Fixed-term/Open-ended Contracts

In addition to having to comply with the general as well as any specific requirements that may apply, fixed-term contracts are obliged to be in writing to be considered as such. Fixed-term contracts can be signed with any employee, whether the service provided can be considered permanent or temporary within the organisation. The labour code establishes that the fixed-term contract length is free for the parties to determine, but it cannot exceed three (3) years. There is also no limitation for the possibility of successive fixed-term contracts or renewals.

However, in the case of fixed-term contracts agreed for an initial period of less than one (1) year, the law establishes a limitation of three successive renewals of the initial contract, after which the period of the contract will be considered for at least one (1) year, but can be renewed indefinitely.

While the labour code does not establish the need to argue a cause to terminate the contract by the expiration date, the case law has prohibited the termination of the employment contract when the decision can be deemed to have resulted from discriminatory reasons or infringes upon a superior hierarchical right.

Trial Period

The trial period must be agreed in writing. Its length varies depending on the type of contract agreed by the parties, but cannot exceed in any case two (2) months. For fixed-term contracts or definite period ones (i.e. employment contracts for completing a specific task or the occurrence of a specific event) the trial period cannot exceed a one-fifth part (1/5) of the term initially agreed. When considering the existence of successive employment contracts, the parties cannot agree to trial periods, but for the first contract.

Notice Period

Colombian legislation only provides, in general, the need of a period of notice by the employer in the event to terminate a fixed-term contract by its expiration date. The employer is obliged to notify the employee of his decision to terminate the contract by its expiration date at least 30 days before the occurrence of the term agreed. In case the employer fails to comply with the period, the fixed-term contract will be renewed for the same term than the initially agreed. While the employee, according to the law, is also obliged to comply with a period of notice in the same terms than the employer, this rule is nowadays not enforceable.

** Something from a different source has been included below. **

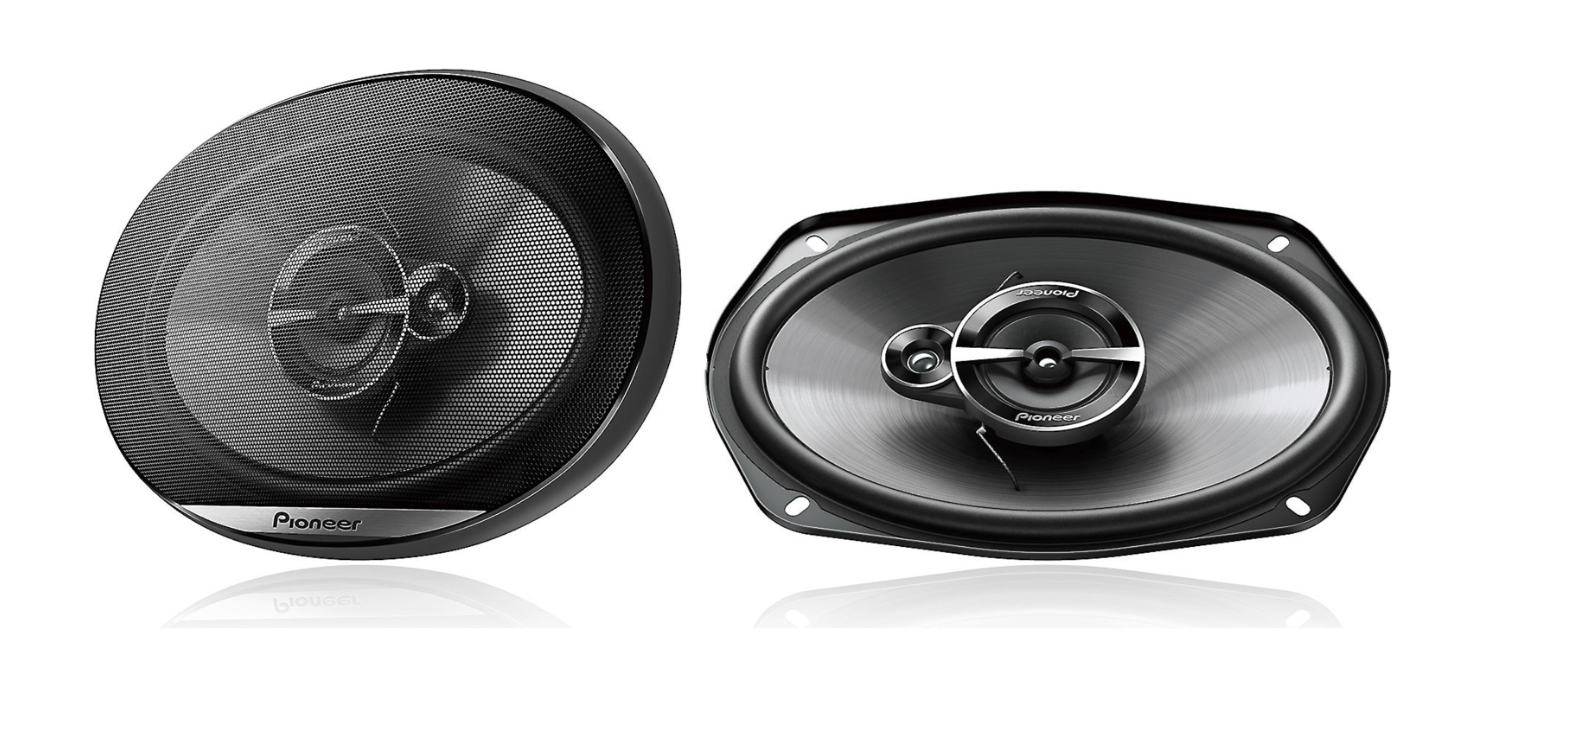 Experience Beautiful Sound with the Best 6x9 Motorcycle Speakers

In some specific cases, the legislation provides the need to comply with a particular period of notice to terminate the contract alleging a cause or “justa causa”.

For employees considered to be the subject of a special protection (i.e. disabled persons, pregnant employees, certain unionised employees) the employer needs to observe an ‘a priori´ control procedure to terminate the contract. Although this is not deemed to be a period of notice, it often requires the observation of a notification to the employee of the procedure that will be followed.